Work instructions –
Give again, word for word, each line below starting at the one that contains "Haruhi Suzumiya with" and ending at the one that contains "Blue Plain Sweatshirt".

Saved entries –
=== Section Start ===
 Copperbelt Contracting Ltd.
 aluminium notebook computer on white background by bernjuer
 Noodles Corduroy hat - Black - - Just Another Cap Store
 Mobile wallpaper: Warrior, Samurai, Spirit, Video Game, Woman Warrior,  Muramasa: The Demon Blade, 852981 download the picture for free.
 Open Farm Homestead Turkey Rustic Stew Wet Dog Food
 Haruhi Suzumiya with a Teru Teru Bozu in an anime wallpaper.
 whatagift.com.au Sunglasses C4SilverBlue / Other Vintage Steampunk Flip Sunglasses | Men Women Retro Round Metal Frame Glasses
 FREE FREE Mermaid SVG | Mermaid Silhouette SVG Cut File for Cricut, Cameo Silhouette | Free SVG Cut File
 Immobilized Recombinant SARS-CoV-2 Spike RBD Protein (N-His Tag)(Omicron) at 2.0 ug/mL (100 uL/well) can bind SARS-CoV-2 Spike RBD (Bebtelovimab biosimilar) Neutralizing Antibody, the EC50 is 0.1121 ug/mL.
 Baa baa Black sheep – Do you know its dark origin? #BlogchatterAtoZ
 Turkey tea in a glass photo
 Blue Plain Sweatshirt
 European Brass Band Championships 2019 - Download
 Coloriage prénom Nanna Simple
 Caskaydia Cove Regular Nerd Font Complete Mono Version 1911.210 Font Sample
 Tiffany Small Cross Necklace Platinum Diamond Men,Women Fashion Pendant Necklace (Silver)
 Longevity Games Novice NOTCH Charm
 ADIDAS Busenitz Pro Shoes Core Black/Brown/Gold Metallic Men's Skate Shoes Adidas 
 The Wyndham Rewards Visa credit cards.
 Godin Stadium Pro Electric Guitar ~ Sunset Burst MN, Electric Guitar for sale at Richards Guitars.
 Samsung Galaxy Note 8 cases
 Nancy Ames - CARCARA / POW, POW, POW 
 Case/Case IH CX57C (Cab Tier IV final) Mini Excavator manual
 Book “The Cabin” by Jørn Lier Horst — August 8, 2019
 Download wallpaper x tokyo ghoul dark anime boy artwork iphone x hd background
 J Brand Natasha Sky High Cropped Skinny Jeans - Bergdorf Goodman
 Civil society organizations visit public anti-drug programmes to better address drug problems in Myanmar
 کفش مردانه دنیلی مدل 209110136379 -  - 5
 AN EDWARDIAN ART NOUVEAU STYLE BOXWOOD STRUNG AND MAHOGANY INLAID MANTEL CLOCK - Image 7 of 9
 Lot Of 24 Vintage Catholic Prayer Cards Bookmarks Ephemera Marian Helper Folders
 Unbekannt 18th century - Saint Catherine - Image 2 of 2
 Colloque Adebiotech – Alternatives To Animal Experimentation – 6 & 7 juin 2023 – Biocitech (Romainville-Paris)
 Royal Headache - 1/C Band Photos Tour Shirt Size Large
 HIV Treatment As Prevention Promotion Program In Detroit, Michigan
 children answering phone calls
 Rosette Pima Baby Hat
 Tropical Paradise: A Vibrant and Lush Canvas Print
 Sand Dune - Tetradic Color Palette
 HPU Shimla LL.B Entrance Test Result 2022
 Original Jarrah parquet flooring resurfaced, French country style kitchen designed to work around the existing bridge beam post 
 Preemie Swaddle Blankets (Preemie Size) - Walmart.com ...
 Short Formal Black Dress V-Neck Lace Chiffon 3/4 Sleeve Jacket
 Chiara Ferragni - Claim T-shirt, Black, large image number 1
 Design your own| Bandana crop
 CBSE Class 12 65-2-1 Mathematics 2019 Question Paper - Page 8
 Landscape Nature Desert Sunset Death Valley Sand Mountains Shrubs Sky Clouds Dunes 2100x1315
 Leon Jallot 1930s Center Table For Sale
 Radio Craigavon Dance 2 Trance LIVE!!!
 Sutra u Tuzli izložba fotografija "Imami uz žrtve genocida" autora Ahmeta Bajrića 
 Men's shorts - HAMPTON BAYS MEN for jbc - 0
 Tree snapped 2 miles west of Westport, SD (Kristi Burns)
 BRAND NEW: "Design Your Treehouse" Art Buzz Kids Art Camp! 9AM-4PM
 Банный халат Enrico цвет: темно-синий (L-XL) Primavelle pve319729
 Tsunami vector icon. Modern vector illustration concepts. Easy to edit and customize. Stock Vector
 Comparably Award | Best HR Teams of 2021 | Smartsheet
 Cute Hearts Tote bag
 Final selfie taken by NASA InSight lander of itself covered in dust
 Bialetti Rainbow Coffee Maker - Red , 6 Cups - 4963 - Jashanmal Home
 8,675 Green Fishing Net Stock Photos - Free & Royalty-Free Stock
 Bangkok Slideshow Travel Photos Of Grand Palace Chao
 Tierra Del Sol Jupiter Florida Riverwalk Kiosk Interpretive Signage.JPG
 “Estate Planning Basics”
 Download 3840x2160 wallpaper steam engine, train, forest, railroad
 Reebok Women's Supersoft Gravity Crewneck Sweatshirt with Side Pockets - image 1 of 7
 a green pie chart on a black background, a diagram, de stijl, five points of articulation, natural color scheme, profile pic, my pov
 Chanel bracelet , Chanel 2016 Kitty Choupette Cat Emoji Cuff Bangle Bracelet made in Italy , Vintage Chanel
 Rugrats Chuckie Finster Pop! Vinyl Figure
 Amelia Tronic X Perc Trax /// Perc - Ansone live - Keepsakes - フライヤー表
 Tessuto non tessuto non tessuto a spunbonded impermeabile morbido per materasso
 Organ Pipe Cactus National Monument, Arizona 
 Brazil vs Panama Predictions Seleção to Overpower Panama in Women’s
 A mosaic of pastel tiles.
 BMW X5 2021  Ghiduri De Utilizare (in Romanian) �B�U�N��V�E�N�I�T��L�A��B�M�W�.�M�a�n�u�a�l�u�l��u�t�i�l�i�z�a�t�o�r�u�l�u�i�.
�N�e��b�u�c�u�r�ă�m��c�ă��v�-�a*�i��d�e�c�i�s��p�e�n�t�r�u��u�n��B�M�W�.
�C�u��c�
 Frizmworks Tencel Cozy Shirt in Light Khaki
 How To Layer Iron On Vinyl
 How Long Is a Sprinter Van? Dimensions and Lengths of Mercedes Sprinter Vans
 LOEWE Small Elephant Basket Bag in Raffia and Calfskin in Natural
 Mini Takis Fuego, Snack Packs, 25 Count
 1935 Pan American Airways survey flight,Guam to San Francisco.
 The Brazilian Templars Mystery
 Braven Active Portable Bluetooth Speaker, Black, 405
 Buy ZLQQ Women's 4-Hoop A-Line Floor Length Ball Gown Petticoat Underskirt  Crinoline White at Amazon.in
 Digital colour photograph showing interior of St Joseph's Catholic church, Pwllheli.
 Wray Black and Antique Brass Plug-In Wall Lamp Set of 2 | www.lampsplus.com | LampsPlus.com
=== Section End ===
Completed exercise –
 Haruhi Suzumiya with a Teru Teru Bozu in an anime wallpaper.
 whatagift.com.au Sunglasses C4SilverBlue / Other Vintage Steampunk Flip Sunglasses | Men Women Retro Round Metal Frame Glasses
 FREE FREE Mermaid SVG | Mermaid Silhouette SVG Cut File for Cricut, Cameo Silhouette | Free SVG Cut File
 Immobilized Recombinant SARS-CoV-2 Spike RBD Protein (N-His Tag)(Omicron) at 2.0 ug/mL (100 uL/well) can bind SARS-CoV-2 Spike RBD (Bebtelovimab biosimilar) Neutralizing Antibody, the EC50 is 0.1121 ug/mL.
 Baa baa Black sheep – Do you know its dark origin? #BlogchatterAtoZ
 Turkey tea in a glass photo
 Blue Plain Sweatshirt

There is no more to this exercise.